There have been few studies on screening maize accessions in Xinjiang within the field of domestic maize accessions. This study focused on evaluating 14 traits of 192 maize accessions introduced to the Aral region of Xinjiang during the years 2022–2023. The objective was to investigate the growth habits and characteristics of its features in the Aral region of Xinjiang.

2. Results

2.1. Distribution Pattern of Phenotypic Traits of Maize Accessions from Different Sources

To examine the distribution patterns of various traits across maize accessions over two years, both bar charts and curve fitting were employed to illustrate the trait distributions, facilitating visualization of their distribution patterns. As depicted in Figure 1, the frequency distribution for each agronomic trait typically presents a central peak with lower frequencies at both ends. Notably, the frequency distribution ranges for traits such as spike leaf width, leaf width at the upper ear, number of leaves, and number of tassel branches exhibited minimal variation between the two years. Conversely, traits like ear height, chlorophyll content, and the number of effective spikes demonstrated more significant variations over the two years. Moreover, the frequency distribution ranges for most remaining traits were higher in 2022 compared to 2023, indicating that environmental factors exerted a relatively minor influence on the distribution of traits such as spike position, spike leaf width, leaf width at the upper ear, number of leaves, and number of tassel branches. Nonetheless, for the majority of traits, environmental conditions did play a considerable role in influencing their frequency distributions.

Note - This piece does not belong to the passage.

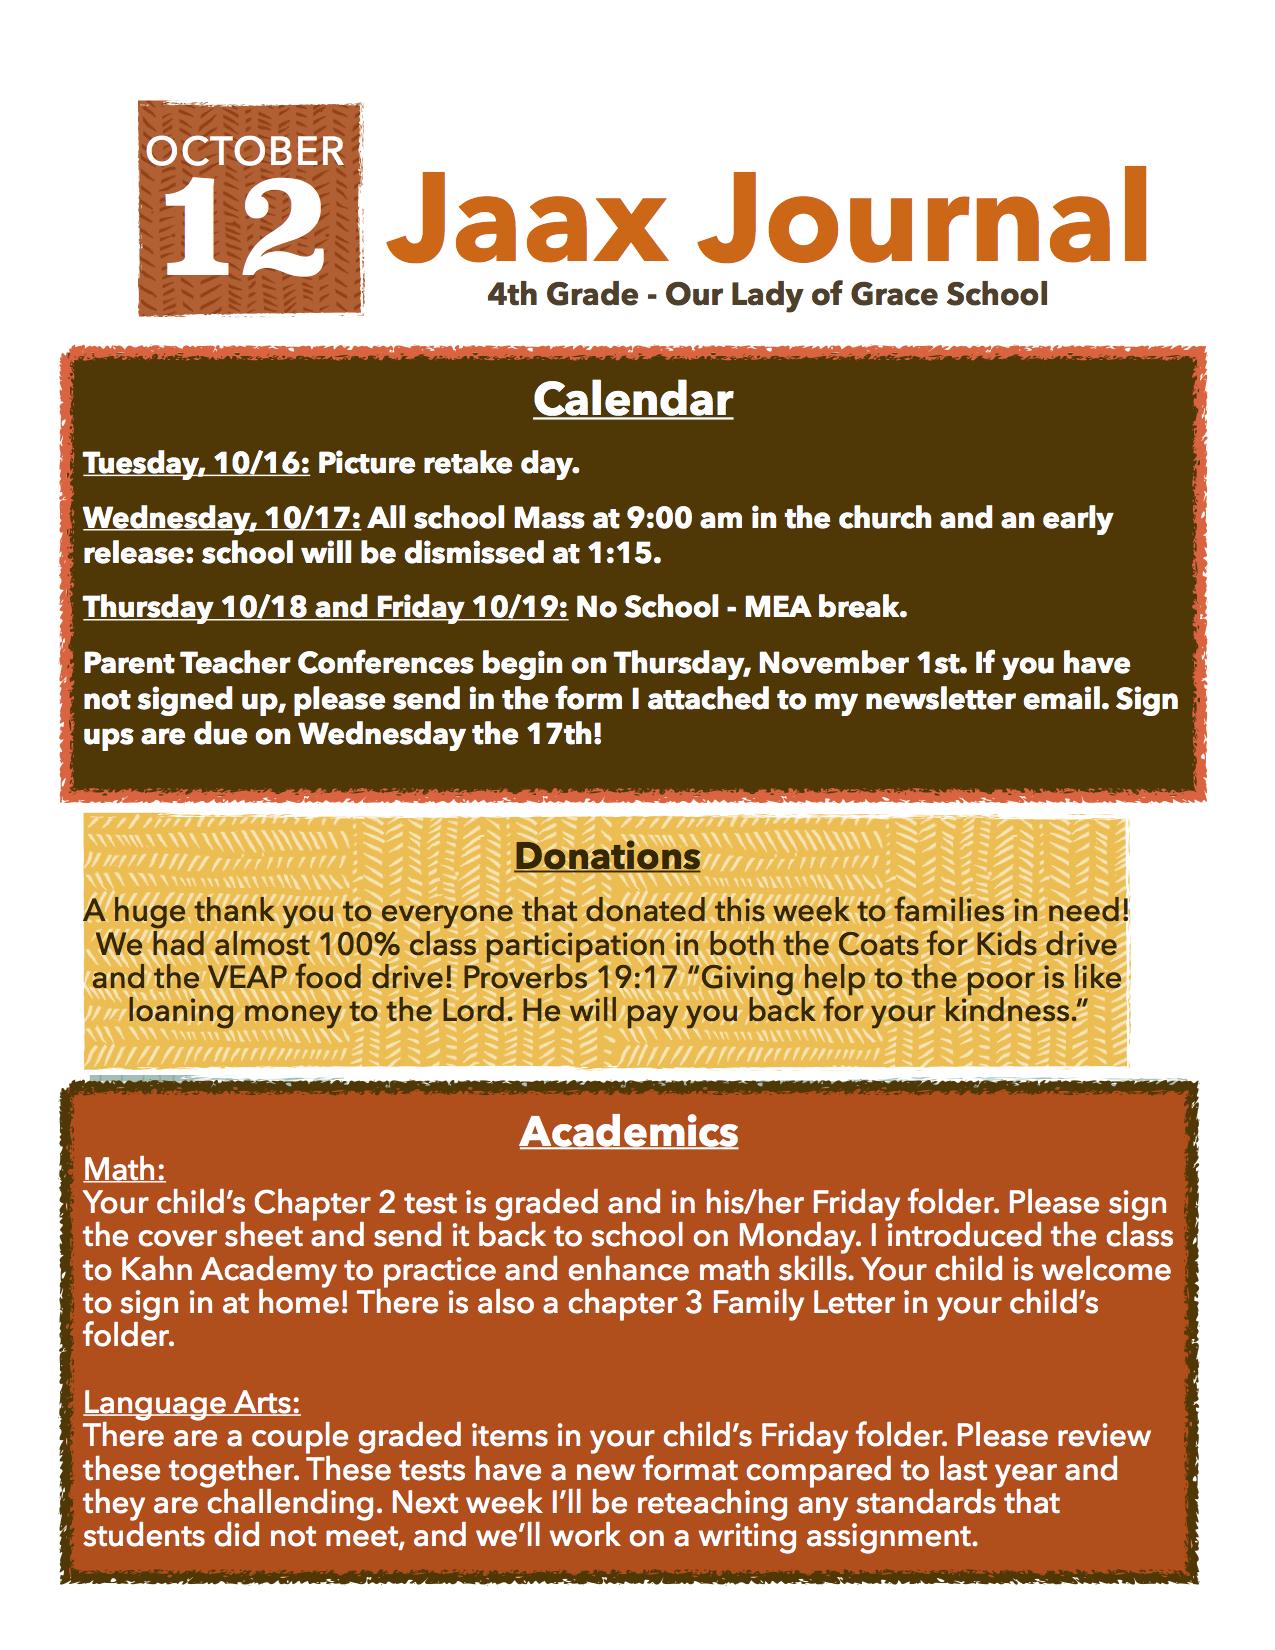 JaaxJournal10-12-18.jpg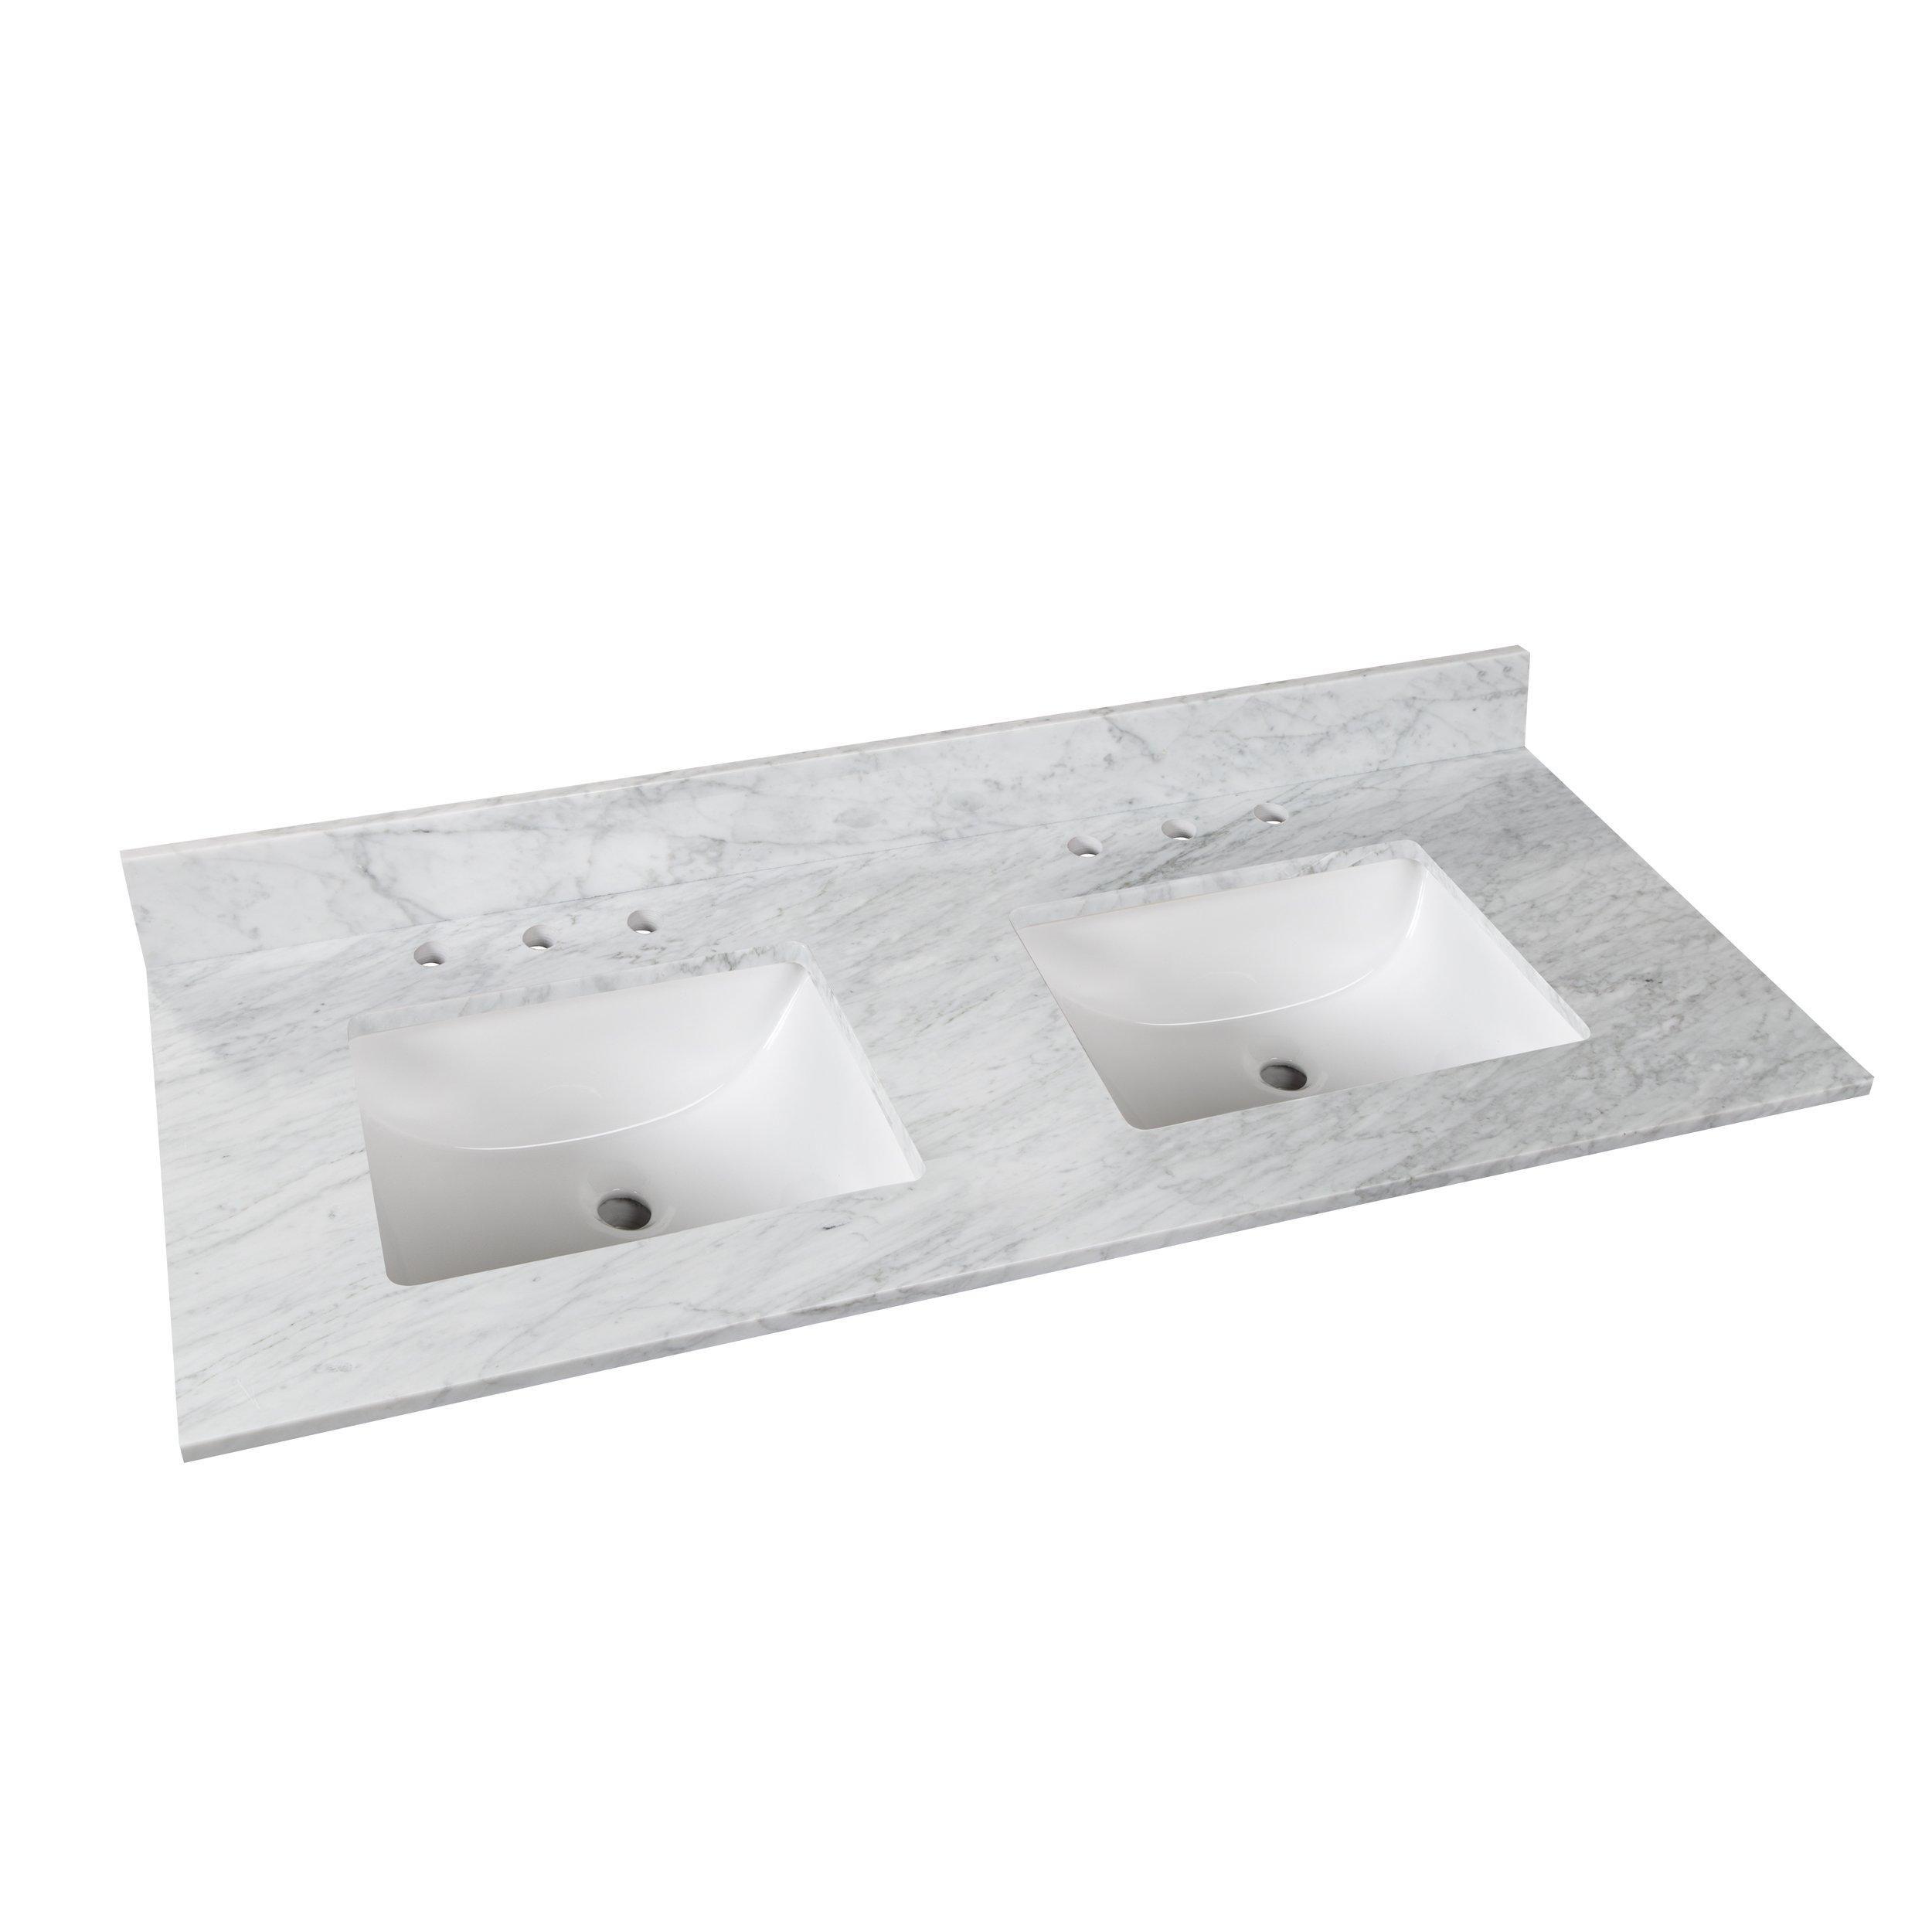 Bianco Carrara Marble 61 In Vanity Top Carrara Marble Polished Porcelain Tiles Carrara

2.2. Diversity Analysis of Phenotypic Traits in Maize Accessions

The diversity index can more accurately reflect the genetic diversity of resources, with a higher index indicating greater diversity among traits [29]. An analysis of the agronomic trait data of 192 maize germplasms over two years revealed that, aside from plant height and stem–leaf angle, which exhibited significant mean value differences between the years, the mean values of other traits did not differ significantly(

Table 1. Diversity analysis of 192 maize accessions for 14 phenotypic traits in two years.

	2022						2023
Traits	Min	Max	Mean	SD	CV (%)	H’	Min	Max	Mean	SD	CV (%)	H’
Plant height/cm	117.07	360.27	213.82	49.81	23.30	2.036	97.33	288.60	192.28	39.07	20.32	2.079
Ear height/cm	29.10	213.57	98.28	37.54	38.20	1.994	29.33	179.23	99.57	32.13	32.27	2.063
Ear height to plant height ratio/%	21.90	74.48	44.91	9.34	20.78	2.079	18.57	83.29	51.19	10.36	20.24	2.053
Spike leaf length/cm	46.33	105.20	77.28	12.91	16.71	2.092	33.60	168.27	73.03	13.72	18.78	1.959
Spike leaf width/cm	5.67	11.33	8.37	1.32	15.73	2.078	5.03	12.23	8.58	1.33	15.55	2.055
Leaf length of upper ear/cm	42.60	109.70	76.18	13.72	18.02	2.069	30.70	104.00	70.77	11.76	16.62	2.069
Leaf width of upper ear/cm	5.17	11.47	8.31	1.20	14.48	2.093	4.70	11.60	8.51	1.30	15.30	2.066
Leaf number/piece	7.67	22.67	13.94	2.51	17.99	2.032	7.33	18.67	13.15	2.25	17.14	2.080
Effective spikes	0.77	1.08	0.97	0.05	5.60	2.023	0.88	1.07	0.98	0.04	3.78	2.020
Tassel branch number	5.00	34.67	17.76	5.70	32.11	2.069	5.33	31.00	16.66	5.06	30.37	2.086
Stem diameter/mm	13.22	35.76	24.17	3.88	16.06	2.058	15.71	38.02	26.22	4.53	17.28	2.081
Stem–leaf angle	21.67	73.67	41.08	8.53	20.76	1.993	18.67	57.33	35.42	6.97	19.68	2.049
Thousand kernel weight/g	59.24	433.10	220.50	63.92	28.99	2.058	71.57	502.88	218.55	63.30	28.96	2.005
Chlorophyll content	22.00	59.43	41.06	7.00	17.04	2.043	21.83	65.97	43.97	8.72	19.84	2.063

Note: H’ represents the Shannon–Weaver diversity index.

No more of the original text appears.